How to interpret SOAP Faults

Apologies for the delay in this post.  I use Windows Live Writer to compose the content on this blog.  It is a wonderful program that makes writing posts easy and straight-forward.  Best of all, it allows offline editing of new and existing posts.  The downside, though, is when you forget to publish the changes!

Before we plough forward into using the sample client from the previous post, we must first discuss the different types of SOAP Faults you may receive.  A SOAP Fault is conceptually similar to a .NET exception in that it represents an error condition.  A SOAP Fault may be returned instead of any response message.  The Fault is itself a SOAP Message with header and body.  The key difference is the body MUST have a fault element.  The fault is officially defined in the SOAP Spec.

There are four main faults we will cover: InvalidRepresentation, EndpointUnavailable, PermissionDenied, and AuthorizationRequired.

InvalidRepresentation

This fault is thrown when either the SOAP request is malformed or the XML representation of the ILM Object does not validate.  Validation means both that the structure is correct and that the values pass the validation rules on AttributeBindings and AttribueTypeDescriptions.

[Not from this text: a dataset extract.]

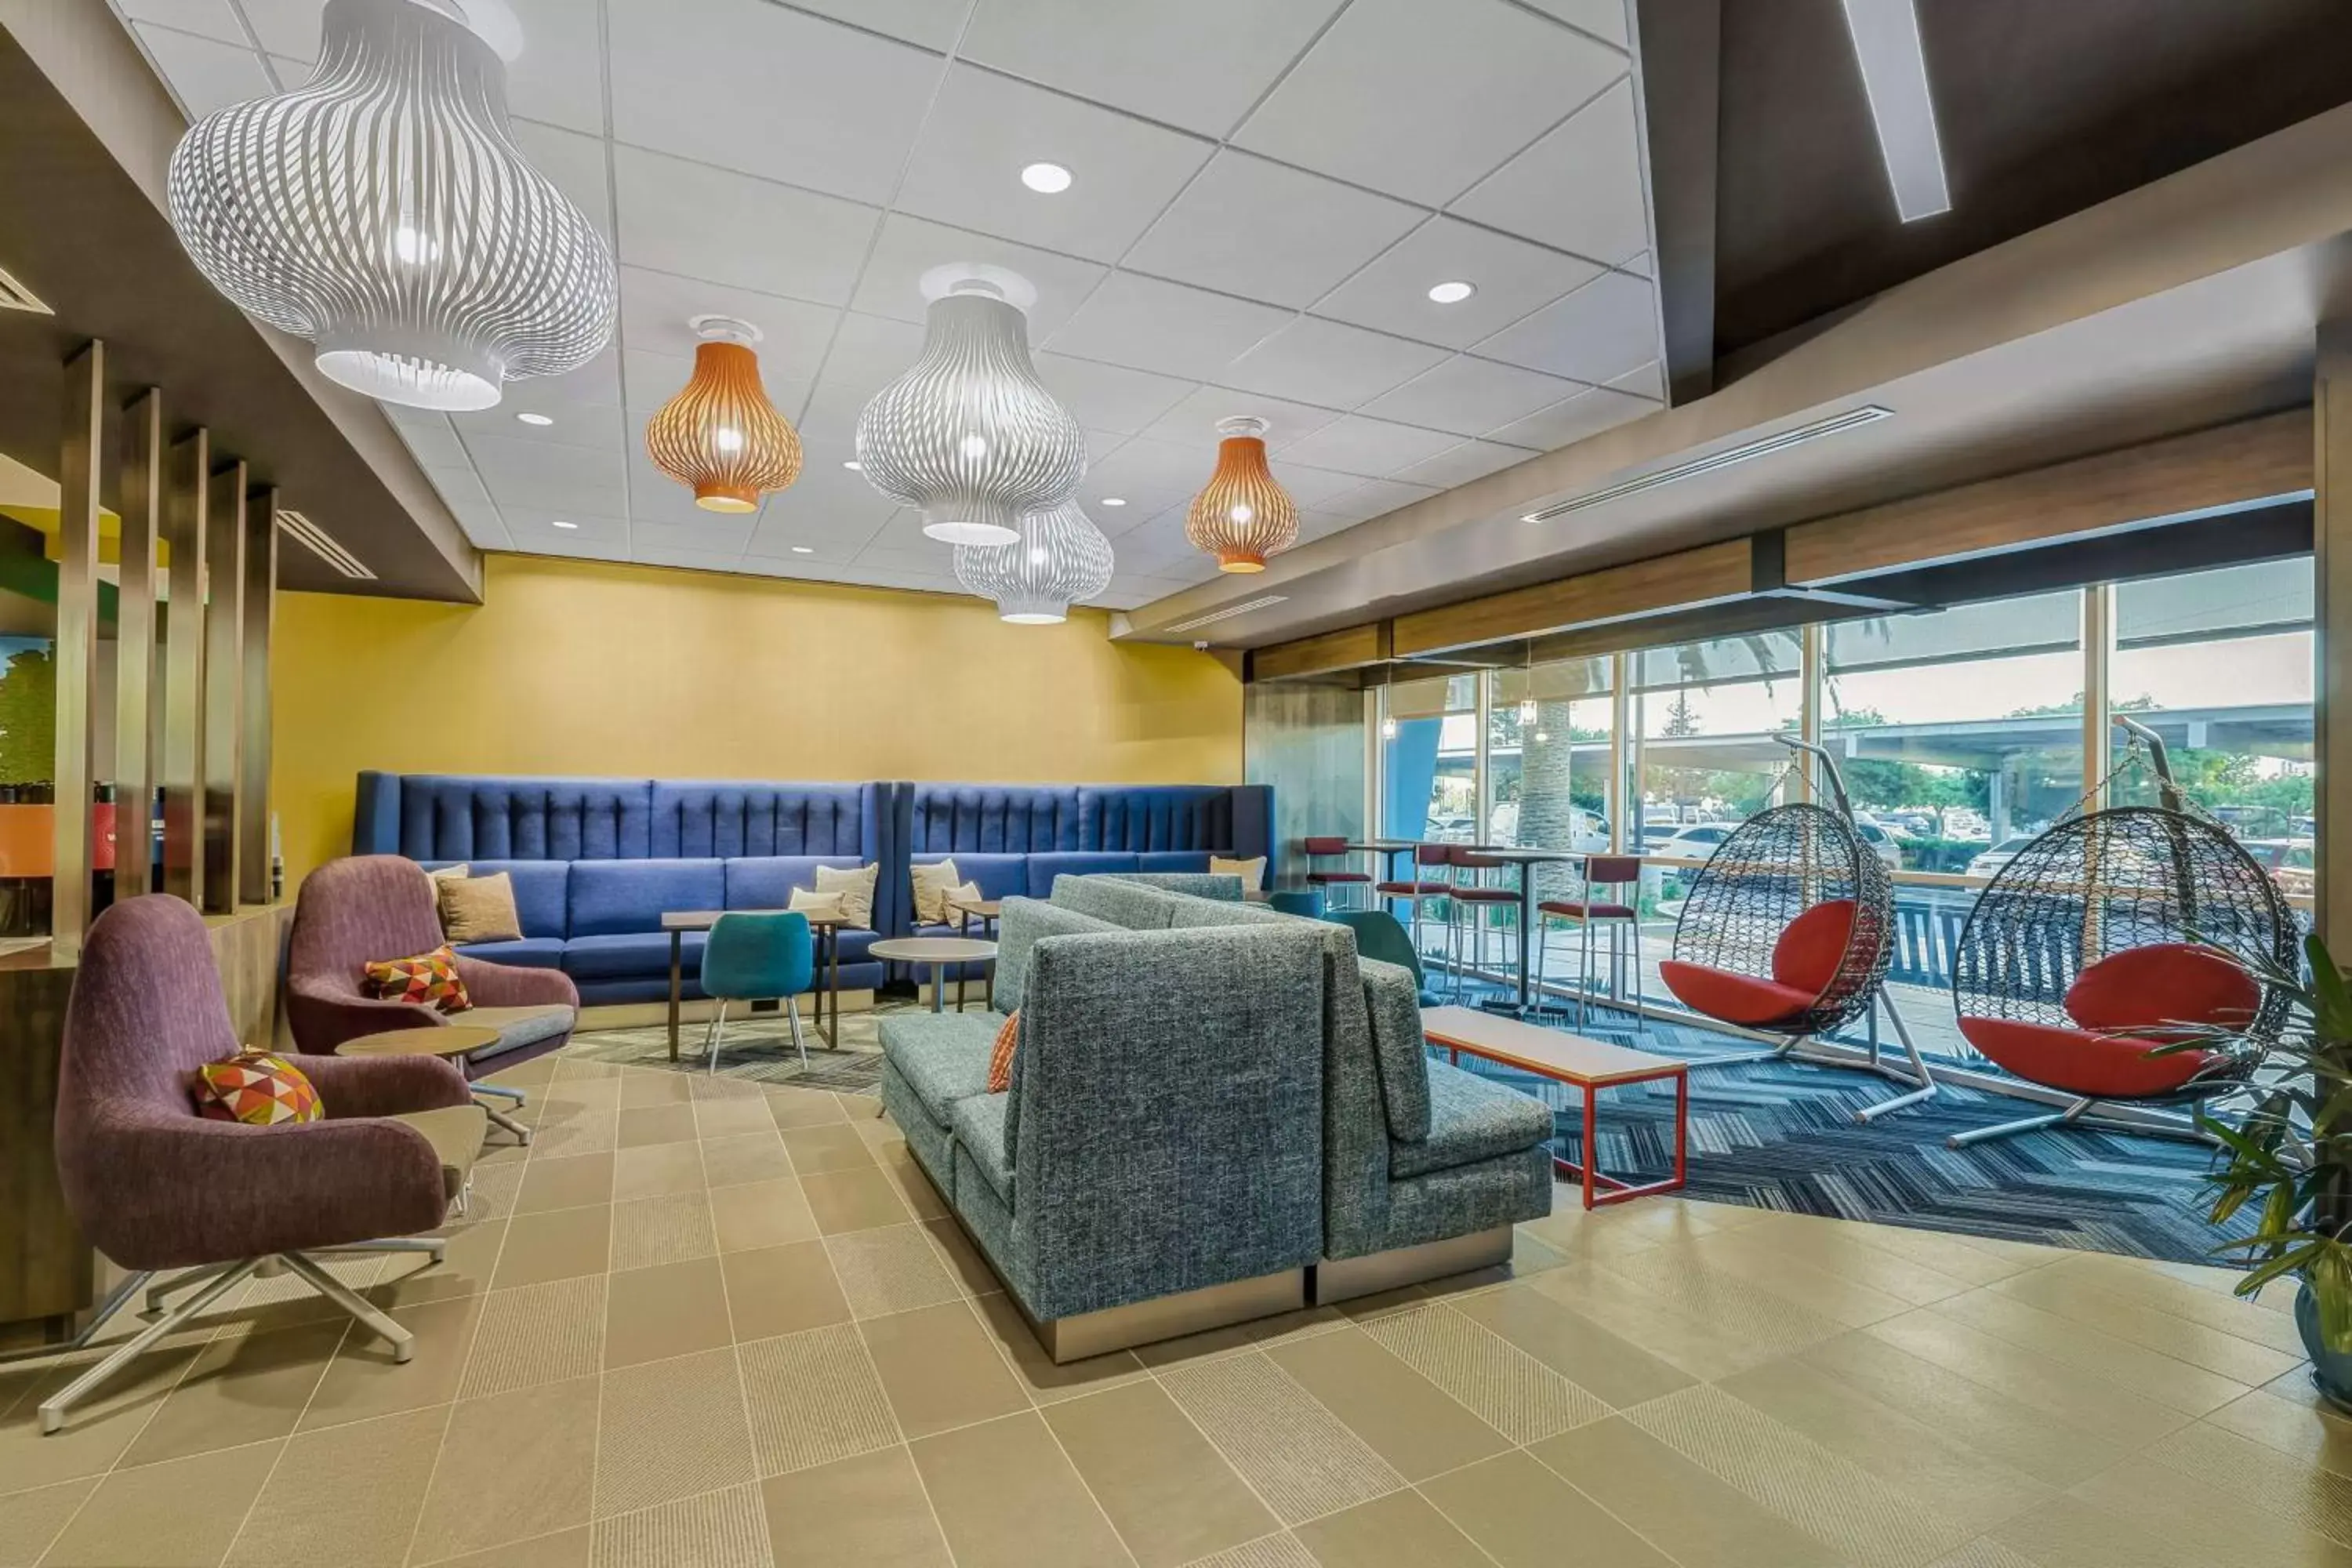 Lobby or reception in Tru By Hilton Lathrop

When you encounter this fault, please inspect the format of the request.  Ensure that the attributes you specify are bound to the object and that their values are valid.  I mostly see this error when I fail to include a required attribute or a set an attribute value to an invalid value.

EndpointUnavailable

This fault is thrown when a catastrophic failure occurs.  It implies a cross-cutting failure from which you cannot recover.

I encourage you to turn on diagnostic tracing and retry the request to see the real failure.  I have never seen this error outside of controlled test cases.

PermissionDenied

This fault is thrown when you do not have permission to read or write to an attribute.  We also throw this fault in the case of non-existent attributes so a malicious user cannot discern what data may exist.

When you encounter this fault, please ensure that the account under which your code is running in fact has the necessary permission.  Three attributes in particular you can never modify even though they are required: ObjectID, CreateTime, and ObjectType.

AuthorizationRequired

Recall the ILM “2” request pipeline: AuthN –> AuthZ –> Effects –> Action.  If a request has an authorization workflow that requires more information then you will get back an AuthZ fault.  If the AuthZ workflow fails you will get back PermissionDenied.  This fault contains the reference to the endpoint of the workflow to complete.  In most cases this is an approval activity which the approver must create an ApprovalResponse object to satisfy.

When you encounter this fault, you must complete the AuthZ workflow.  It is not necessary to resubmit the request as it will be processed once permitted to do so.  Completing the AuthZ workflow is beyond the scope of this topic, and it will be covered in the next series of topics.